## YOUR OBJECTIVE
Retype, exactly and with both ends included, the lines below from the one containing "Electric Recovery Winch" through the end; omit the pictures.

## THE DATA
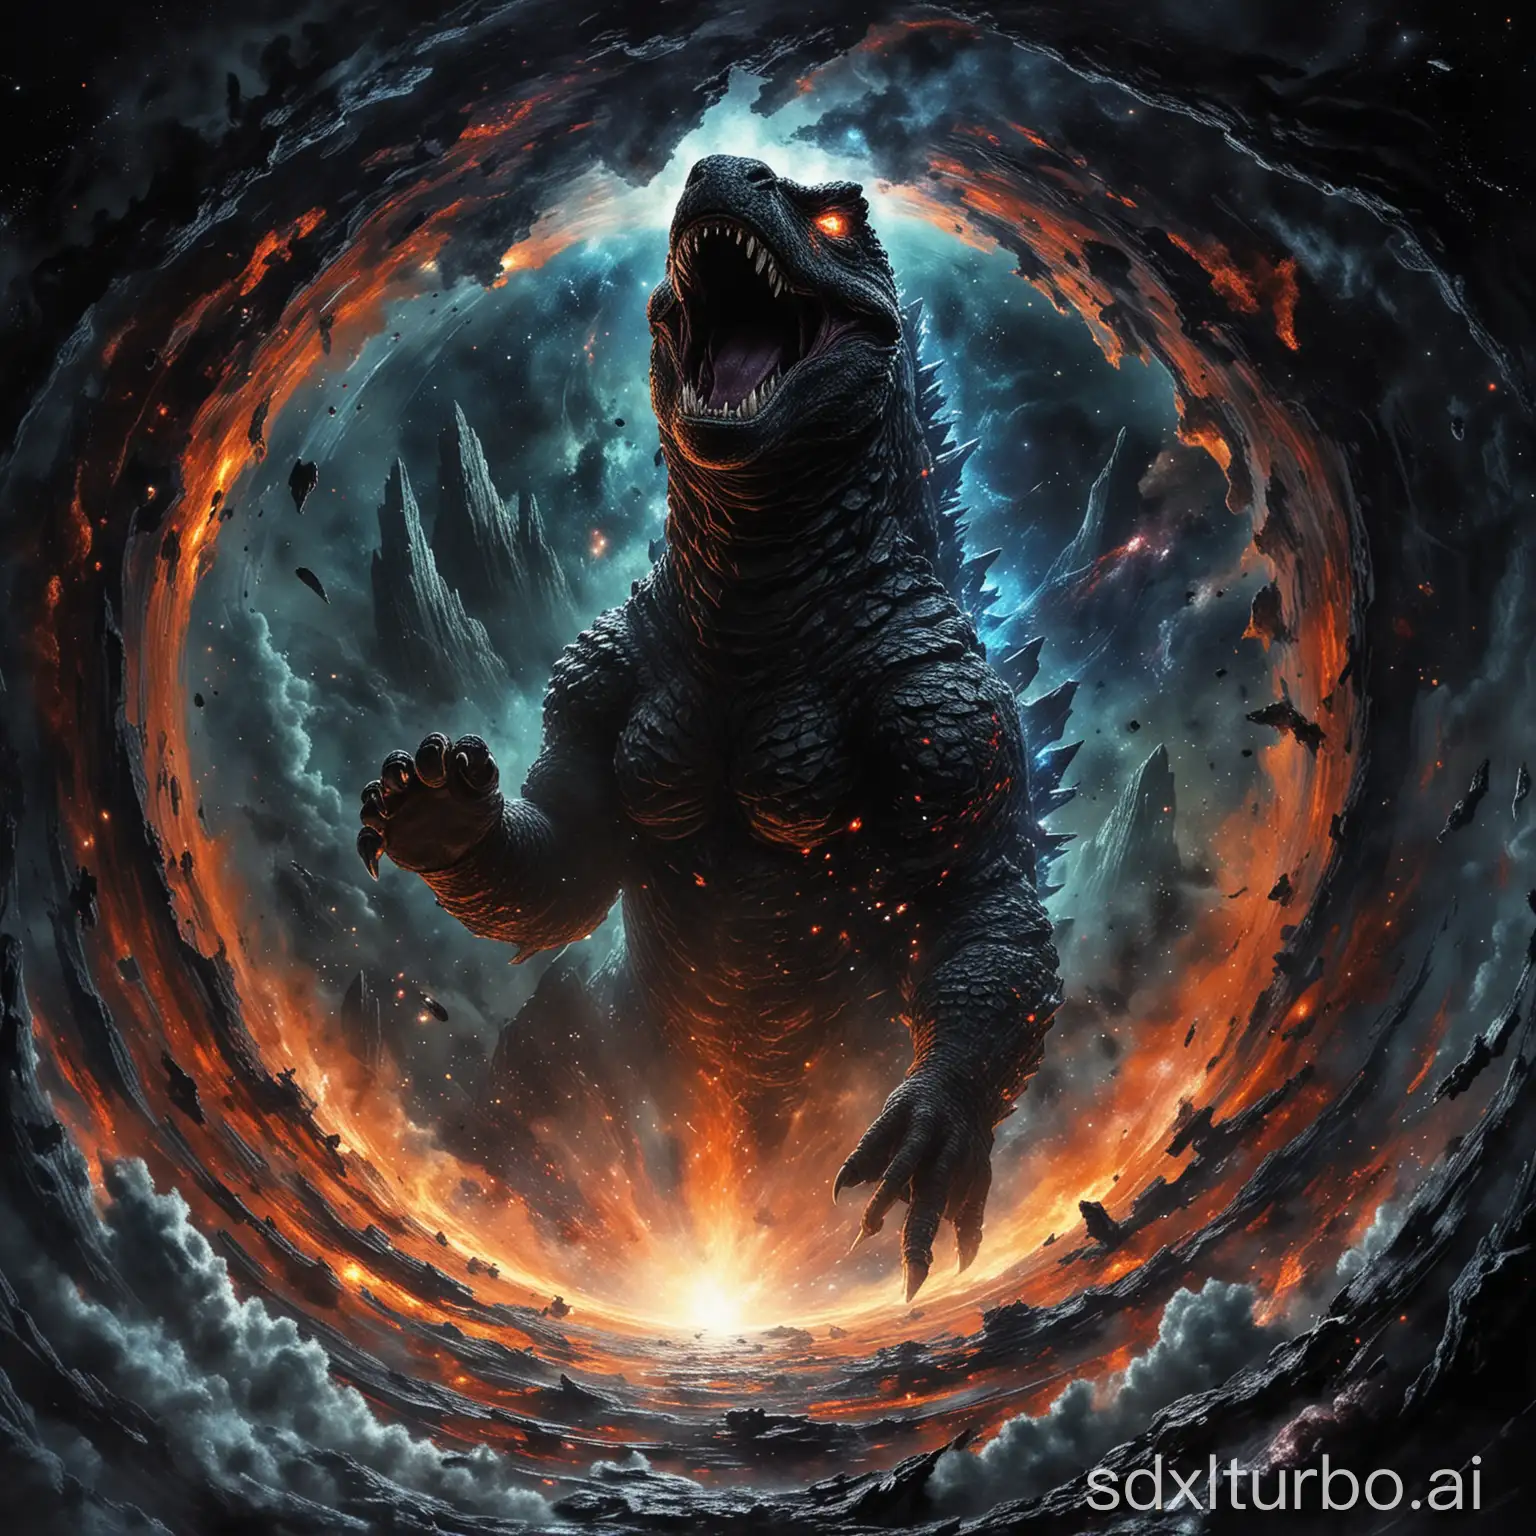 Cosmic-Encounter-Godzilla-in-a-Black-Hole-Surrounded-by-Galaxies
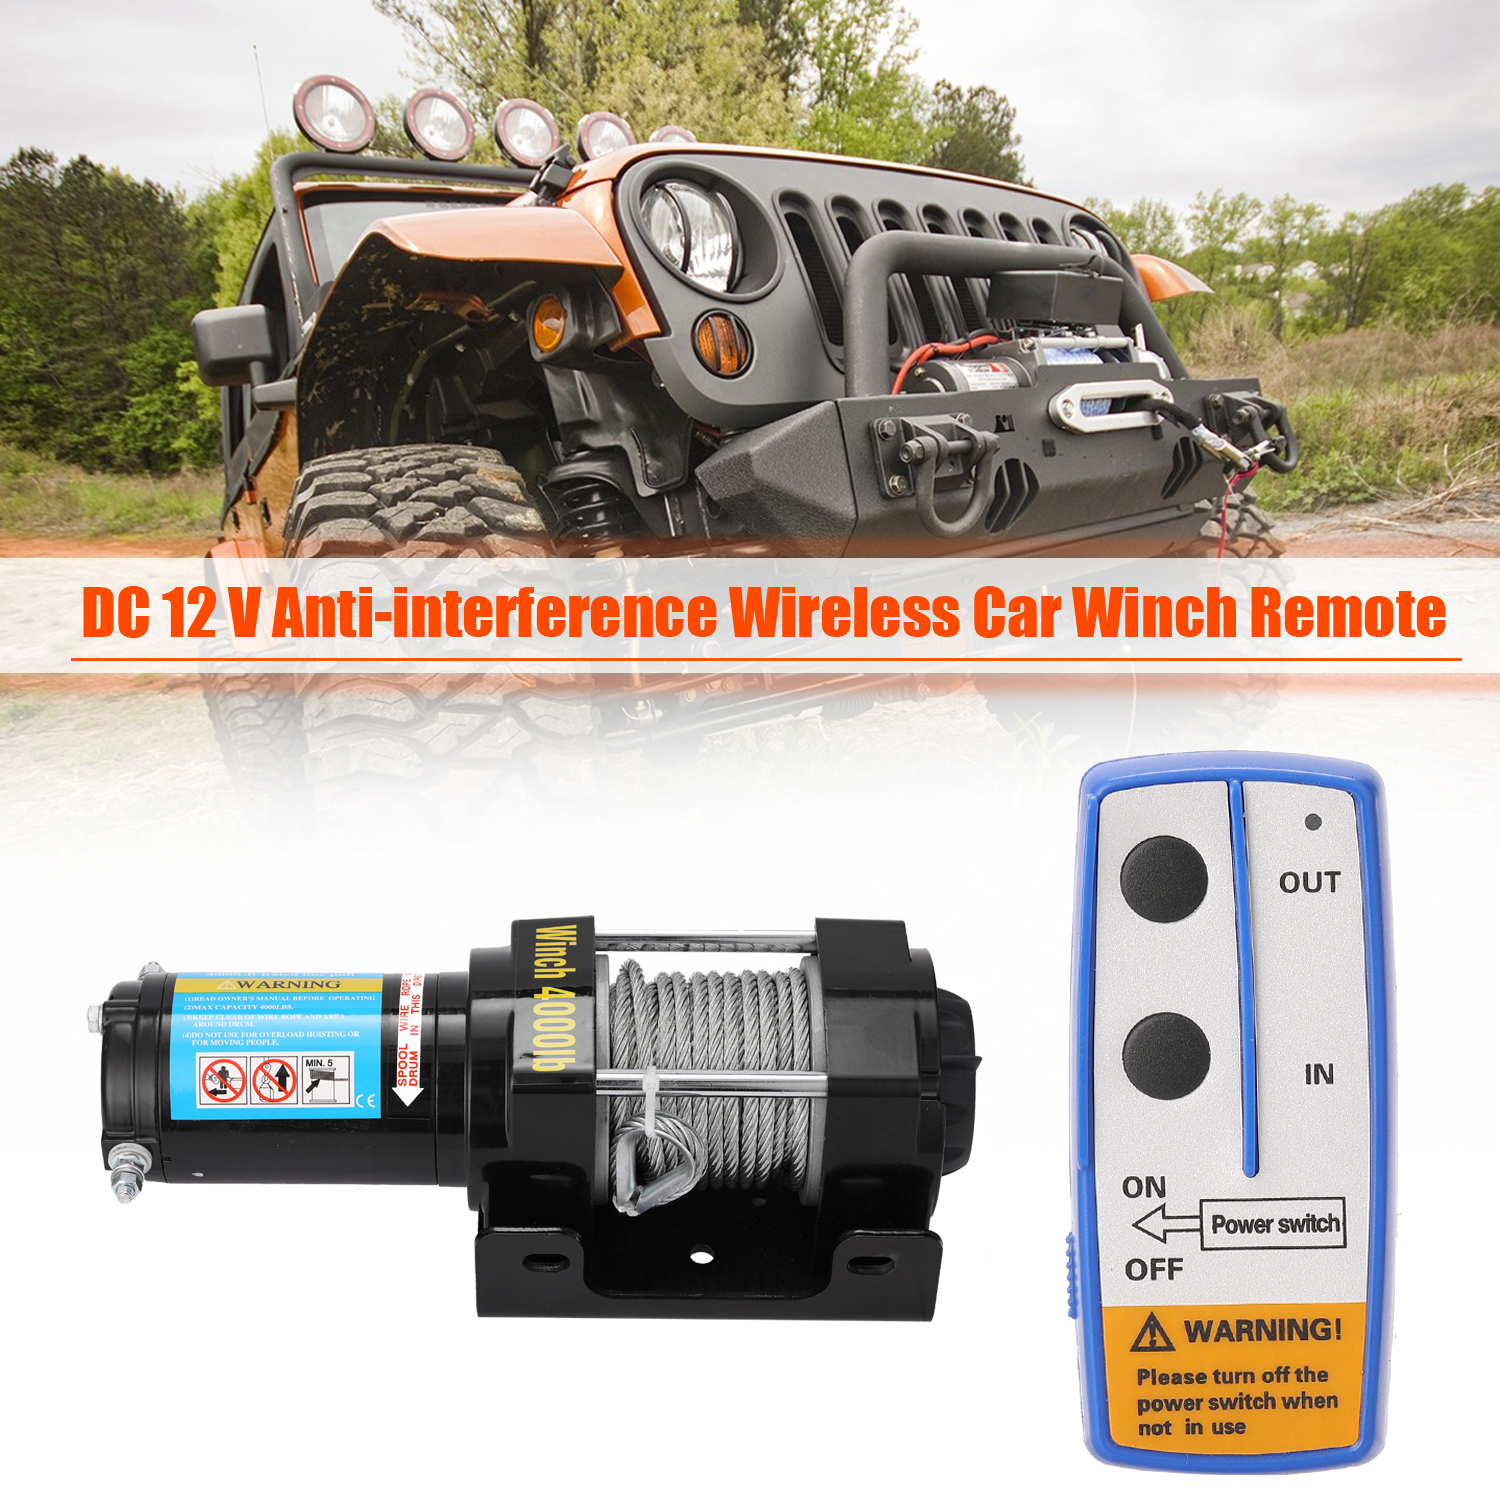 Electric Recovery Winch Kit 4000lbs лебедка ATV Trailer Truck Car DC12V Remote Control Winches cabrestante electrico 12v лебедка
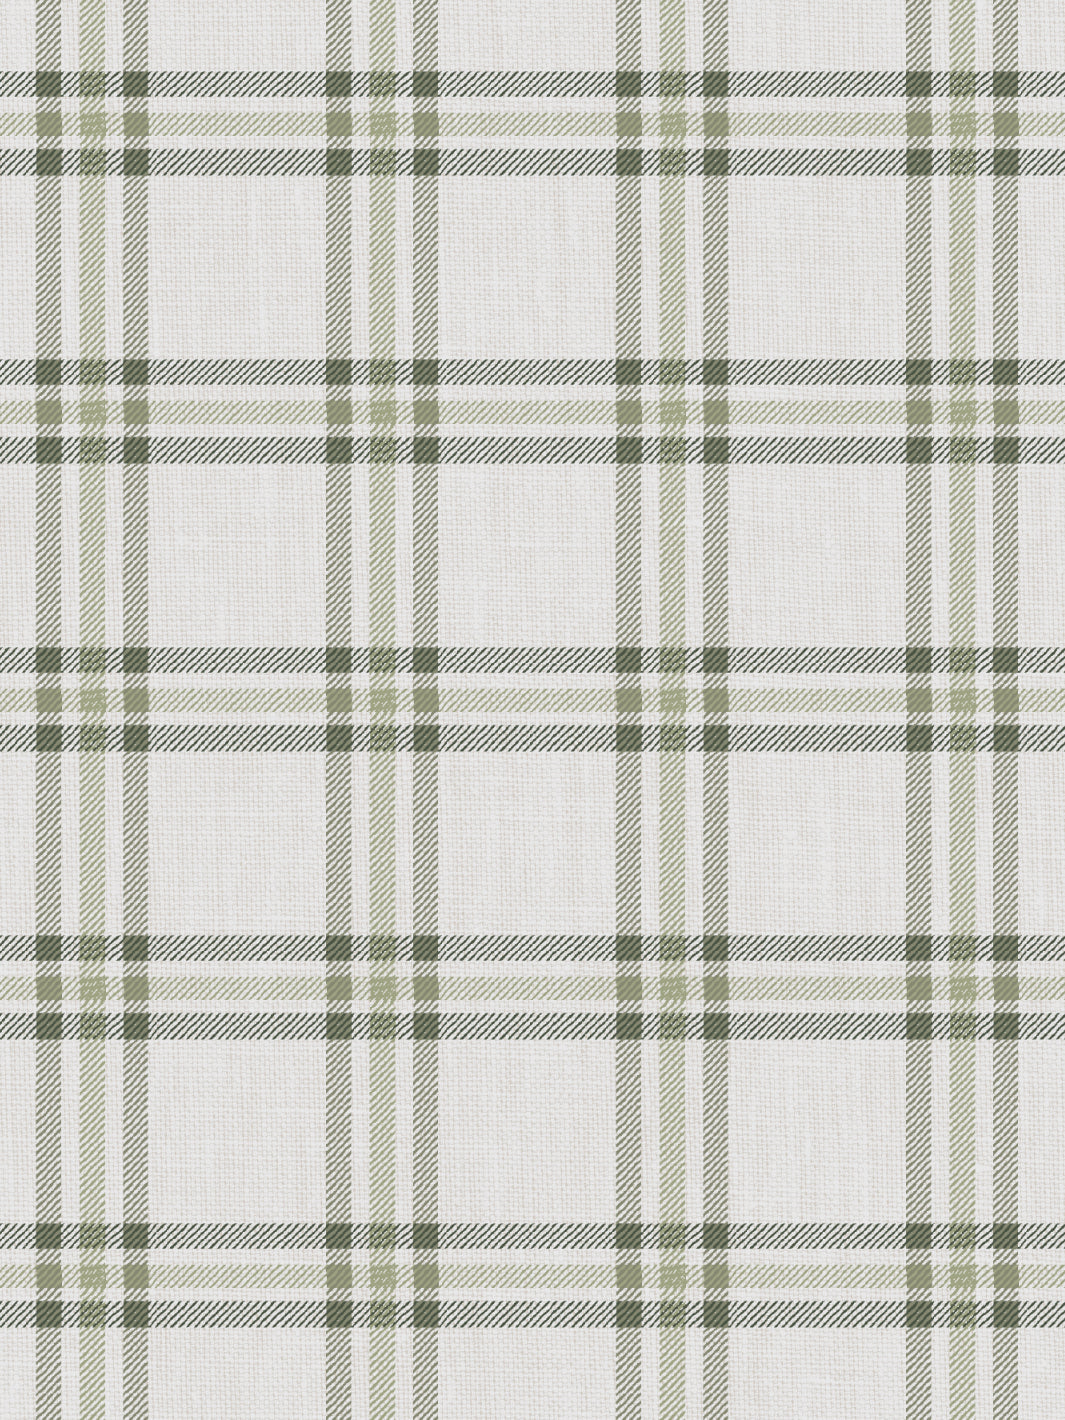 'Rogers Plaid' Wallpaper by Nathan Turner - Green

## COMPLETED EXERCISE
 Electric Recovery Winch Kit 4000lbs лебедка ATV Trailer Truck Car DC12V Remote Control Winches cabrestante electrico 12v лебедка
 'Rogers Plaid' Wallpaper by Nathan Turner - Green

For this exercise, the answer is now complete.